EXTRACTED MATERIAL →
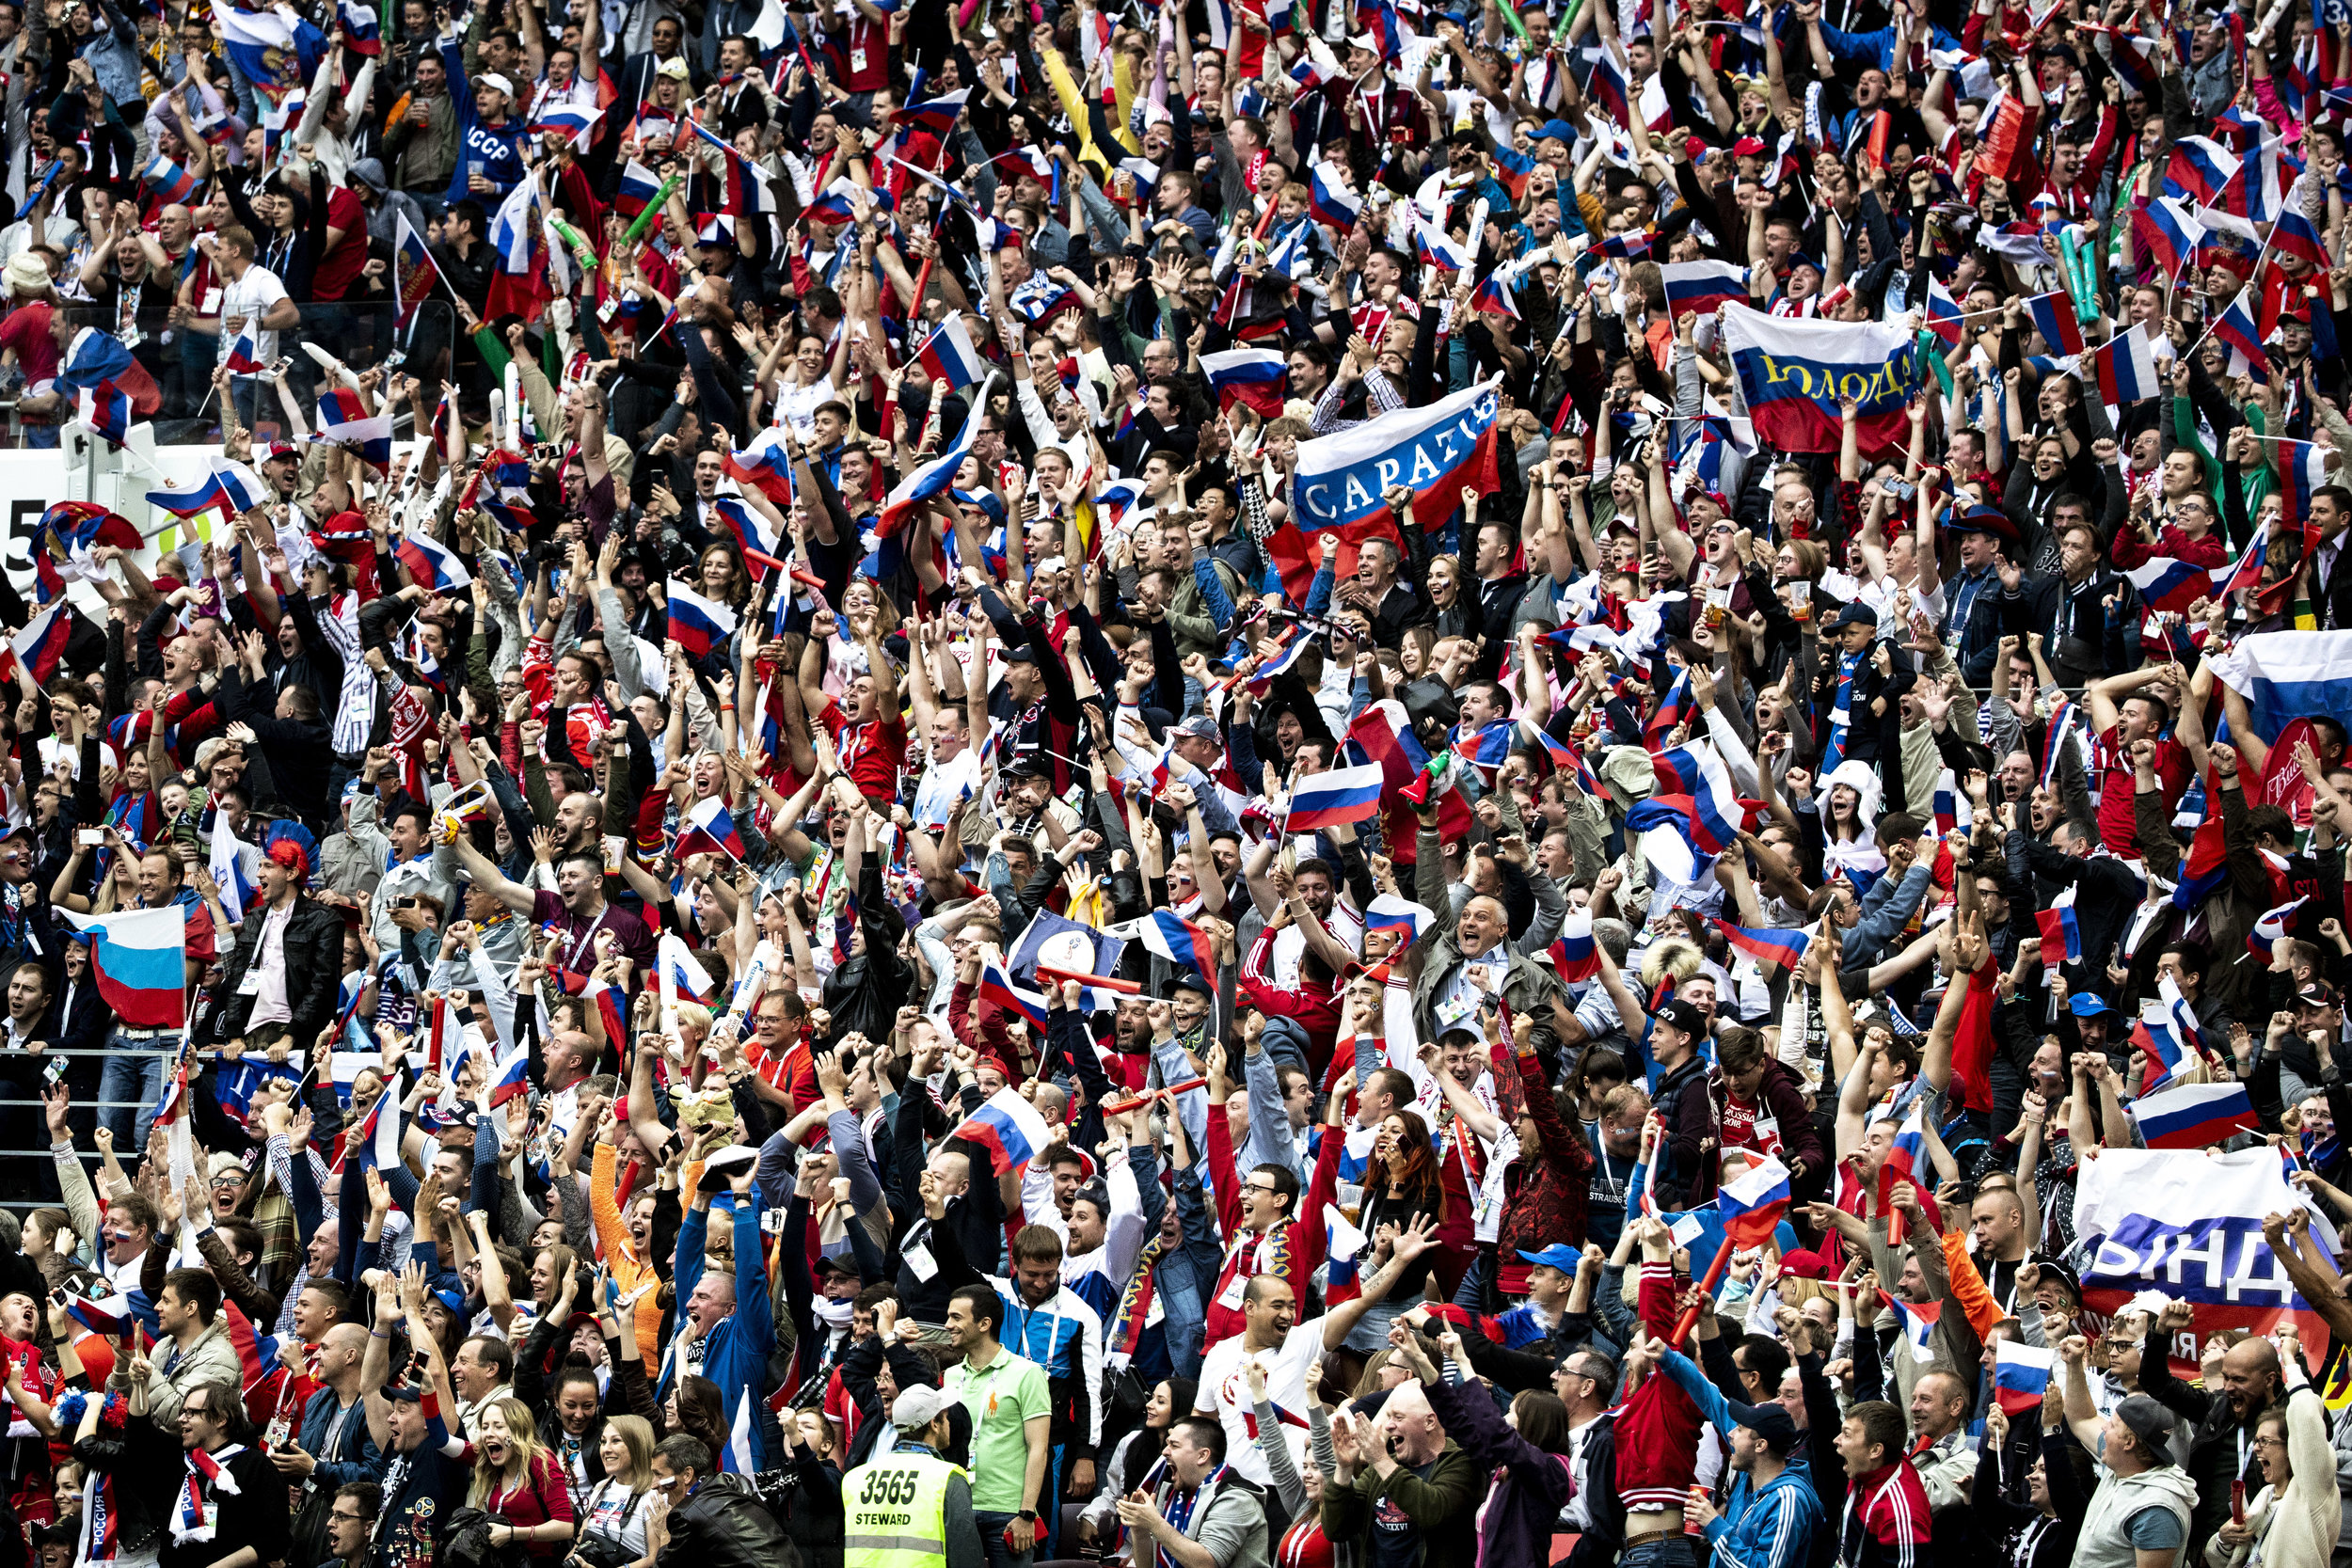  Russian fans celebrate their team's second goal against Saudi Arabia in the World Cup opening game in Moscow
...
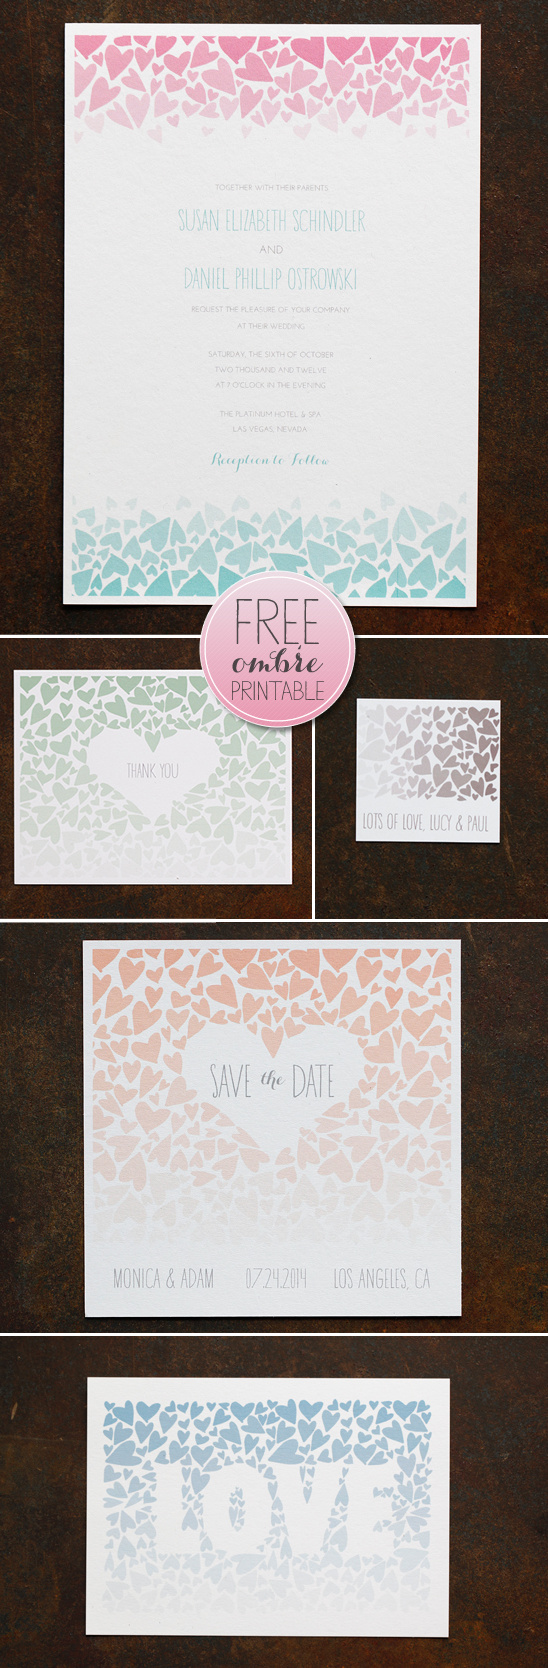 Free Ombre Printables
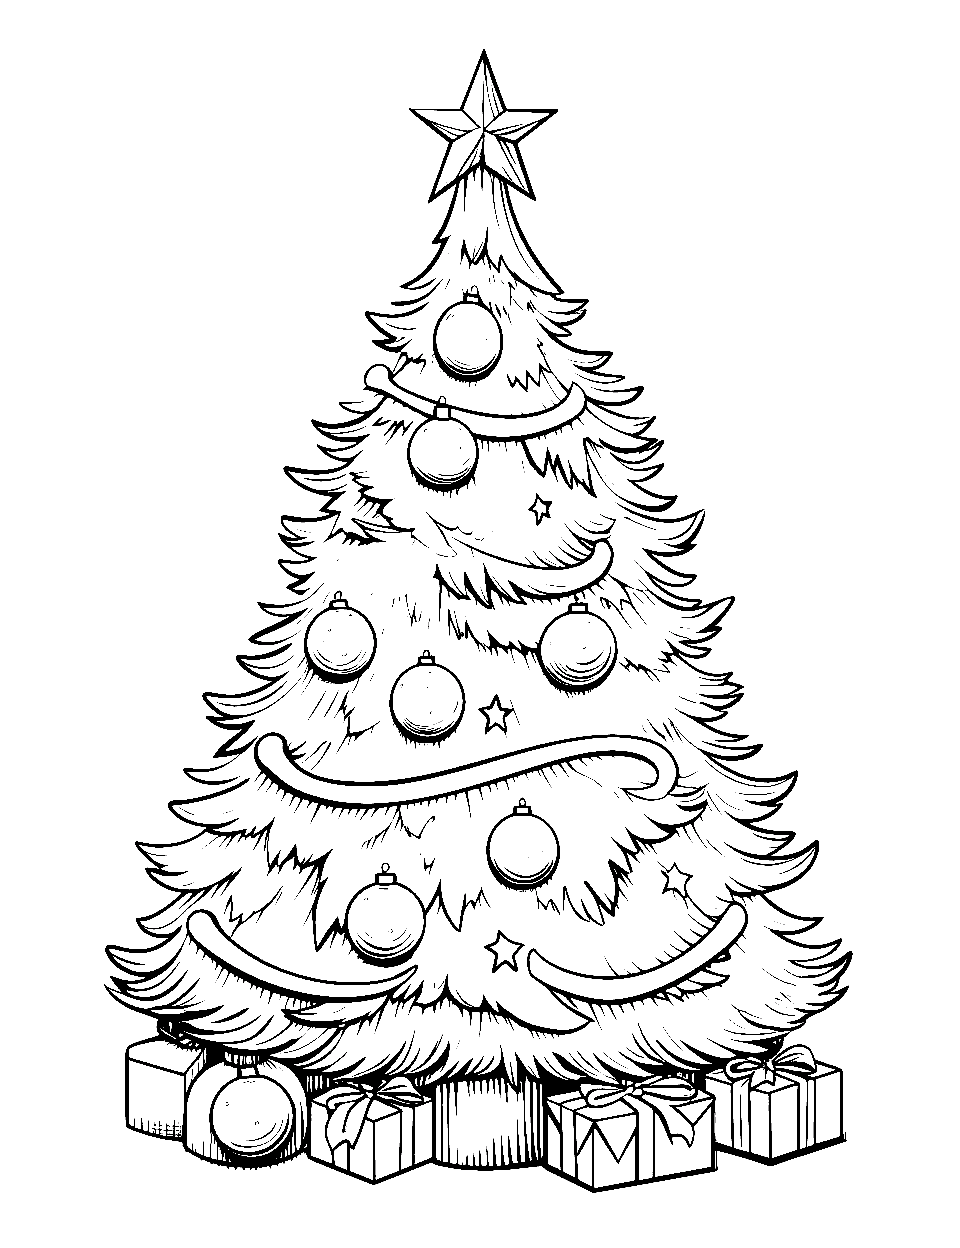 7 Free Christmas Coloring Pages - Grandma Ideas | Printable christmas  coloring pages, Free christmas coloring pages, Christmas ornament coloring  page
...
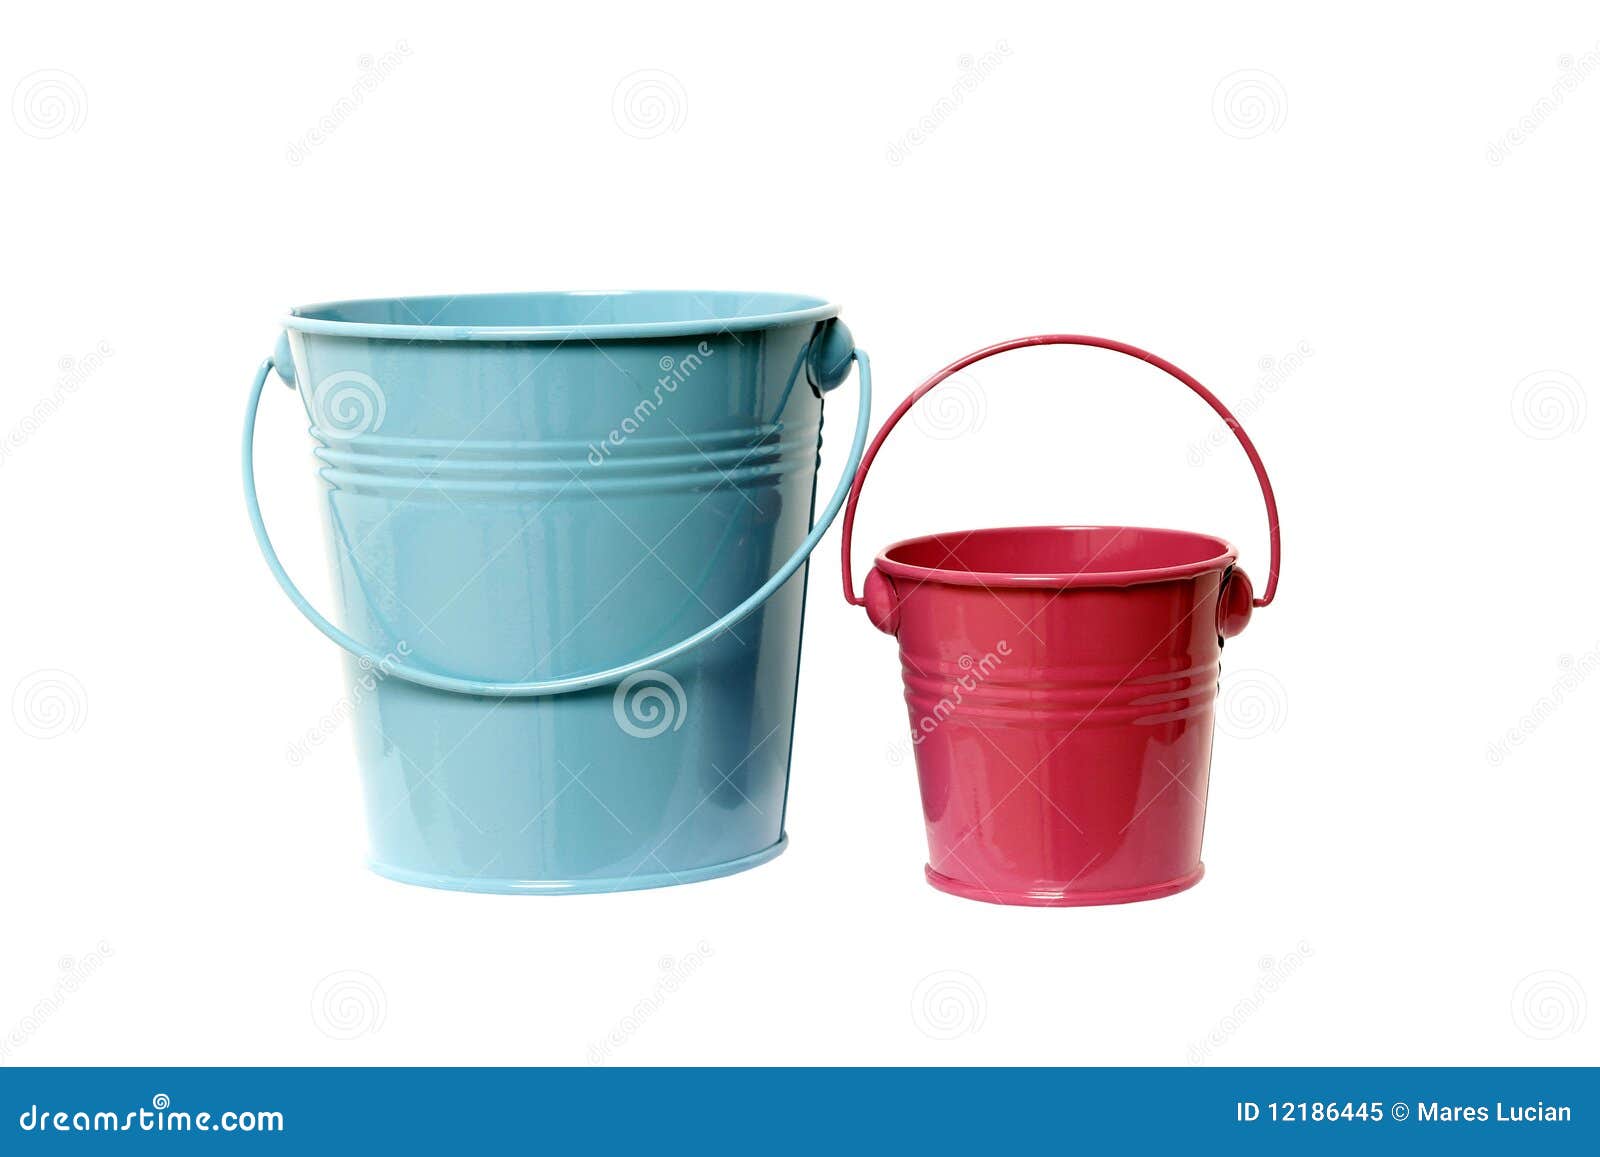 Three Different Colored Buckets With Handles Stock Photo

WORK REQUEST → Now transcribe the lines above exactly, starting at the line containing "Free Ombre Printables" and ending at the line containing "7 Free Christmas", both lines included, pictures excluded.

REPLY TO THE EXERCISE →
 Free Ombre Printables
 7 Free Christmas Coloring Pages - Grandma Ideas | Printable christmas  coloring pages, Free christmas coloring pages, Christmas ornament coloring  page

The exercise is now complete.